IV. Le cas d’Impact Campus

Un coup parti : pourquoi ne pas se prêter au jeu en ne plaçant nul autre qu’ Impact Campus sous la lentille de l’analyse éditoriale ?

Si vous suiviez déjà nos activités, vous savez probablement qu’ Impact Campus , qui relève de la Corporation des médias étudiants de l’Université Laval (CoMÉUL) — tout comme CHYZ 94,3—, propose divers types de contenus et formats accessibles gratuitement : des articles publiés sur le web, des magazines en format papier, des balados (diffusés sur diverses plateformes depuis l’automne dernier) et enfin, une nouveauté ce printemps, des zines.

Question de suivre le propos de l’article, concentrons-nous sur le papier, en l’occurrence le magazine (et les zines). En amont de la rédaction des textes que vous pouvez lire ici, Impact Campus met en place diverses conditions de production préalables qui ont une influence sur la suite des choses, c’est-à-dire sur d’autres étapes du processus ou les textes eux-mêmes. D’abord, il faut savoir qu’Impact négocie et met en place une entente avec son imprimeur, ce qui détermine le nombre de pages du magazine, son format, le type de papier et de reliure. Ces informations ne varient pas au fil des numéros. L’équipe permanente établit

également un échéancier pour toutes les étapes, que ce soit la remise des textes, l’envoi à l’impression, la réception des copies ou la soirée de lancement.

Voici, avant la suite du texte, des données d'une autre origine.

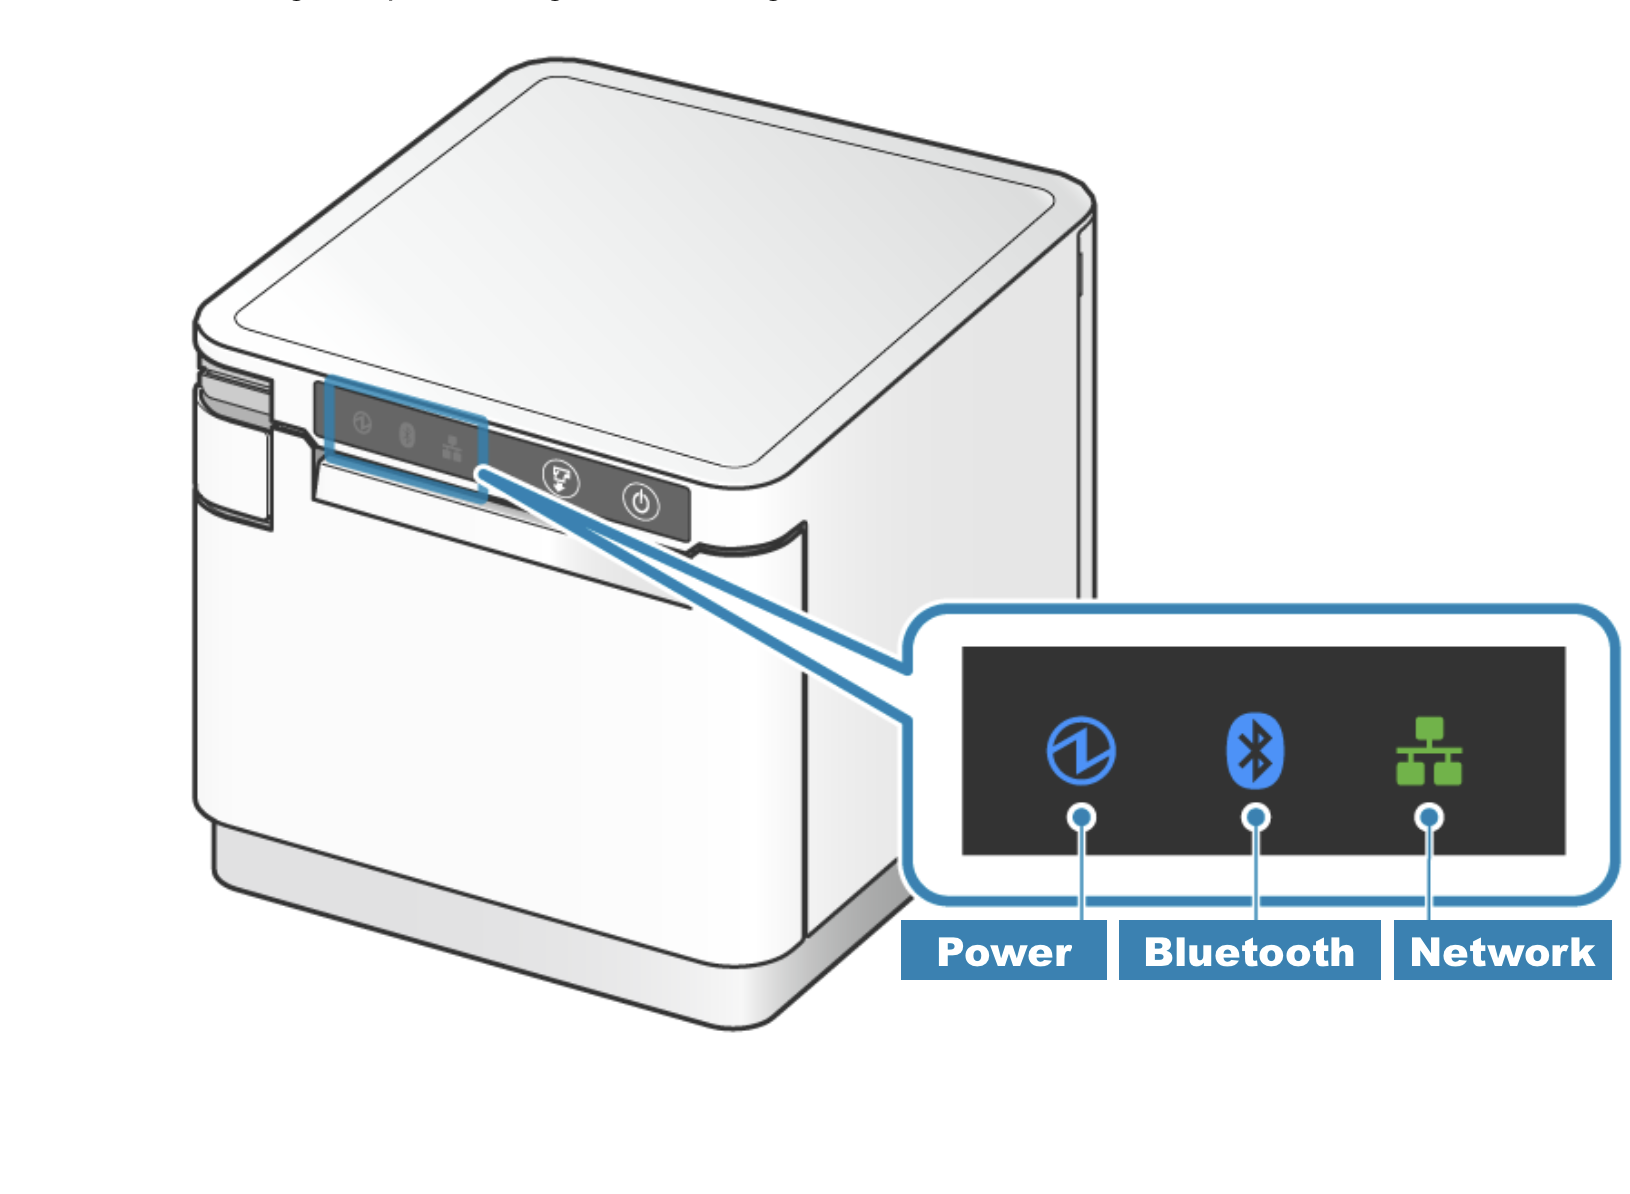 Star mC-Print 3 light codes with Power, Bluetooth, and Network lights indicated

Autres constantes : les différentes éditions du magazine reprennent sensiblement toutes le même gabarit : sommaire, page de présentation à l’intérieur de la couverture, ou alors informations sur la page couverture. Elles sont également toutes divisées en sections, qui peuvent légèrement varier dépendamment des articles proposés comme elles reflètent les intérêts et les enjeux couverts par les journalistes de l’équipe permanente et les journalistes collaborateur.rices. La nature des articles peut également varier : articles scientifiques, journalistiques, essayistiques, critiques et chroniques d’opinion, entrevues et entretiens, articles collaboratifs, reportages photos, textes de création ou enquêtes. Plus précisément, certains articles peuvent également être récurrents, peu importe le thème, comme l’éditorial, les horoscopes, les listes de lecture musicales et les suggestions littéraires.

Le thème : parlons-en. C’est l’équipe permanente qui détermine les thèmes des magazines. La CoMÉUL est basée sur un mode d’horizontalité des échanges (bien que la rédaction en chef et le directeur de programmation, la direction générale et le conseil d’administration s’assurent de mener le bateau à bon port en s’occupant de la gestion des équipes et de la gestion administrative). C’est le thème qui détermine, de manière très forte et directe, les sujets que nous déciderons de couvrir. De manière générale, néanmoins, le magazine privilégie les textes qui s’inscrivent dans la durée plus que dans l’actualité (ceux-là, on les redirige vers le web). Le thème peut certes être interprété très littéralement ou plus librement, mais il nous guide, et renvoie à un modèle de production de contenu par commande de textes, en plus d’influencer certaines composantes graphiques, comme la couverture. Elle est parfois élaborée à l’interne, parfois à l’externe.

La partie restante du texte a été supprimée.